In 1911, Vinarova moved to Dresden, to continue her studies with Ferdinand Dorsch. She became part of the German expressionist group known as Die Brücke and participated in their exhibitions. After five years of study she moved to Munich and began studying with Hans Hofmann, where she remained until 1918. Vinarova became noted among the European avant-garde Expressionist circle which included artists like Otto Dix, Conrad Felixmüller, Oskar Kokoschka and Bulgarian artists Bencho Obreshkov and George Papazov, among others. She was a correspondent of Rainer Maria Rilke, whom she had met by chance at a Rodin exhibit. The two struck up a friendship and Rilke dedicated several poems to her. Returning to Vienna, she studied at the Vienna Women's Academy, specializing in graphics arts.

==Career==
Vinarova began exhibiting her works in 1915, and participated in numerous exhibits. She created works in a variety of media including oils and watercolor as well as genres including expressionist painting, graphic art, sketching, and woodcutting. She was one of the first expressionist Bulgarian painters, and the first known woman painting in the style. In 1922, she held a successful solo exhibition in Vienna, which was reviewed by Nikos Kazantzakis praising her talent. Kazantzakis, who wrote Zorba the Greek was enamored of Vinarova and at one point even proposed to her, though she refused. The following year, after a thirteen year courtship, Vinarova and Radev married in Constantinople.

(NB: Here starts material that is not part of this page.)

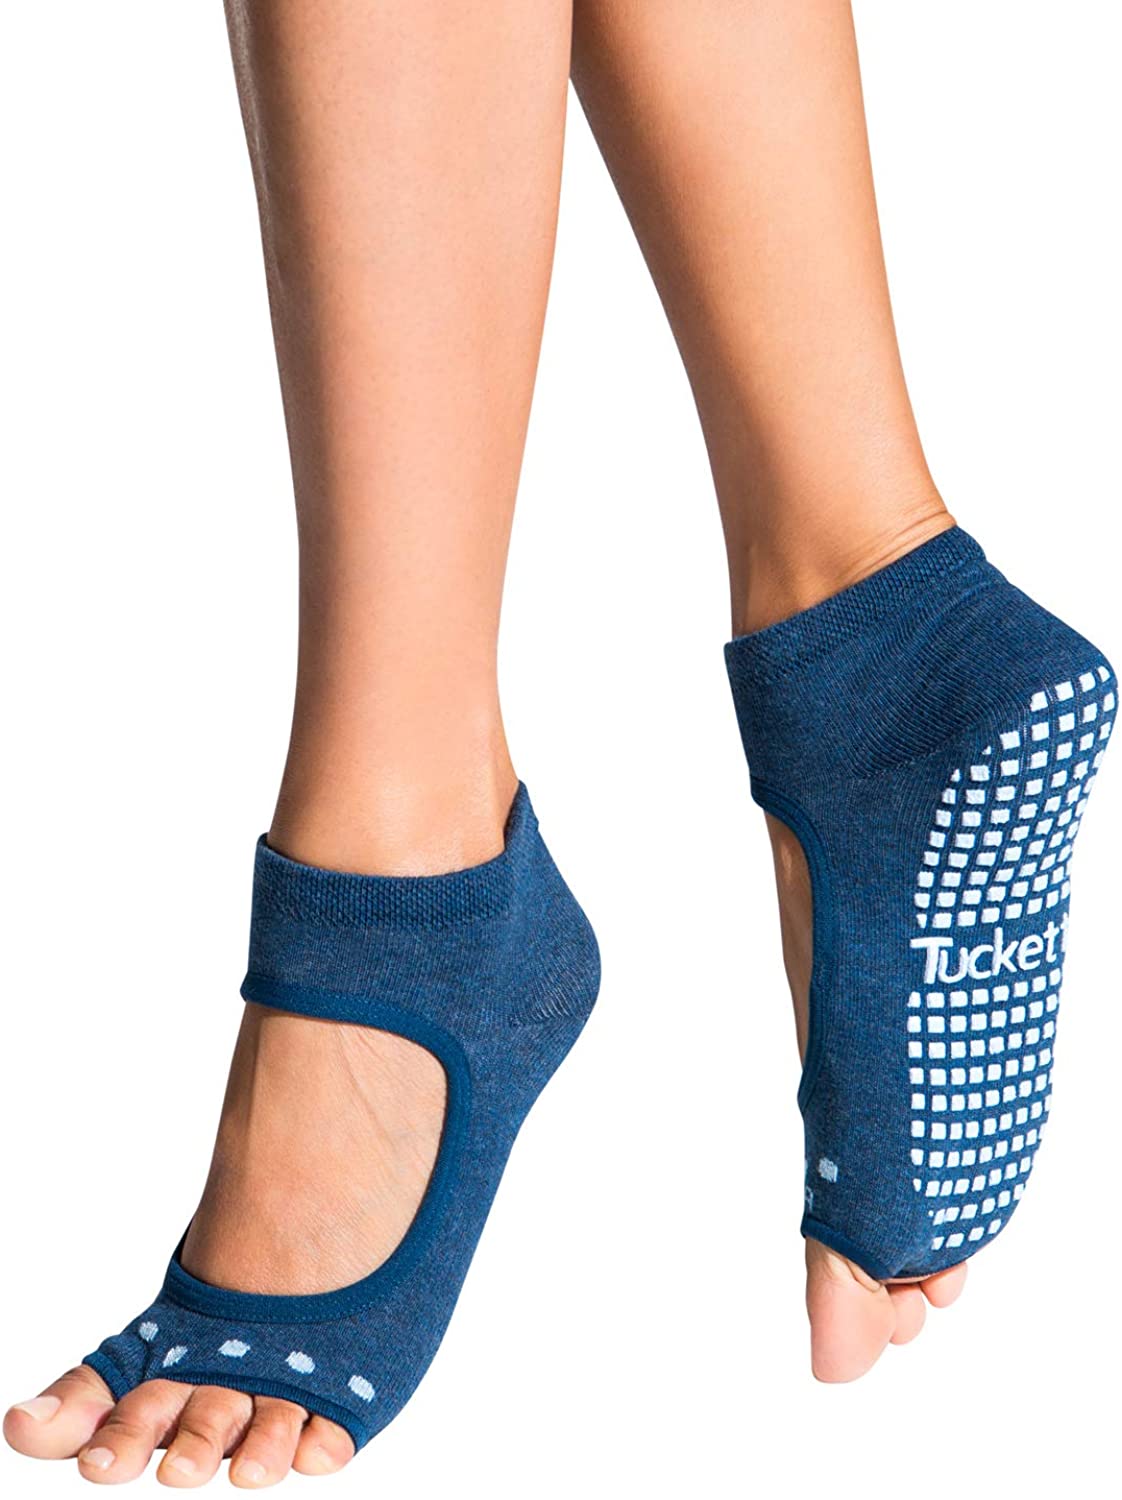 Handepo 6 pares de calcetines largos de pilates para mujer, calcetines de  yoga con agarres, antideslizantes, calcetines largos para barre, yoga

Most of Vinarova's works show a modern method of expression and smooth color transitions between her color combinations, which often centered around a palette of grays, greens and reds. Her works were noted for their recognizable style, her ability to capture the movement of natural forms and shapes, as well as the uncertainty of the relationship between man and nature. Some, such as Синята църква (Blue Church, 1916), Пазар (Market, 1963), or Градина в Калофер (Garden in Kalofer) capture the landscape around her. Others, were nudes, still lifes of flowers or fruit, and she produced quite a number of portraits, including ten portraits of her husband, her brother, some of her son, portraits of well-known personalities, as well as several self-portraits.

Because her husband was a diplomat, Vinarova spent the next two decades moving often. Between 1925 and 1940, they lived in The Hague in the Netherlands, Ankara in Turkey, and then spent eight years in the United States. From there, they moved to France; and then lived in London; Geneva, Switzerland; and finally Brussels, Belgium. She was well-known for her charm and during her Washington, D. C. days, created a stir when she appeared at one embassy reception in a dress with a crinoline designed in the style of the Second French Empire. During this period, Vinarova rarely painted, but resumed her work when the couple was recalled to Bulgaria in 1940 by Georgi Kyoseivanov. After the Bulgarian coup d'état of 1944, both Vinarova and Radev were removed from public life and forbidden to engage in political or social activities. Vinarova's works were barred from exhibitions and her husband was fired. It was difficult for him to secure work because he was unwilling to conform his historical writing with party ideology. She continued to produce art until 1963, when she lost the use of her left hand and became too ill to continue working. Late in her life, Vinarova was recognized by twice receiving the Order of Saints Cyril and Methodius (1963 and 1970) and later received the Red Flag of Labor.

==Death and legacy==
Vinarova died on 15 April 1977 in Sofia. In 2010, her son, Traian Radev (bg) donated the family art collection containing over 740 of Vinarova's works, including 200 paintings, and 90 works from Otto Dix, Felixmüller, Obreshkov, Panayot Todorov Hristov (known as the Orphan Wanderer Сирак Скитник), Konstantin Shtarkelov and others, to the Central State Archive (bg). After cataloging the collection, the Bulgarian National Gallery hosted an exhibit of Vinarova's works, most of which had never been seen by the public, in September 2013. In 2016, a second showing of Vinarova's work was held for the 65th anniversary of the Central Archive. Several of the works had been restored in a joint project financed by a Norwegian art conservation program and the skills of the employees of the Bulgarian National Art Gallery.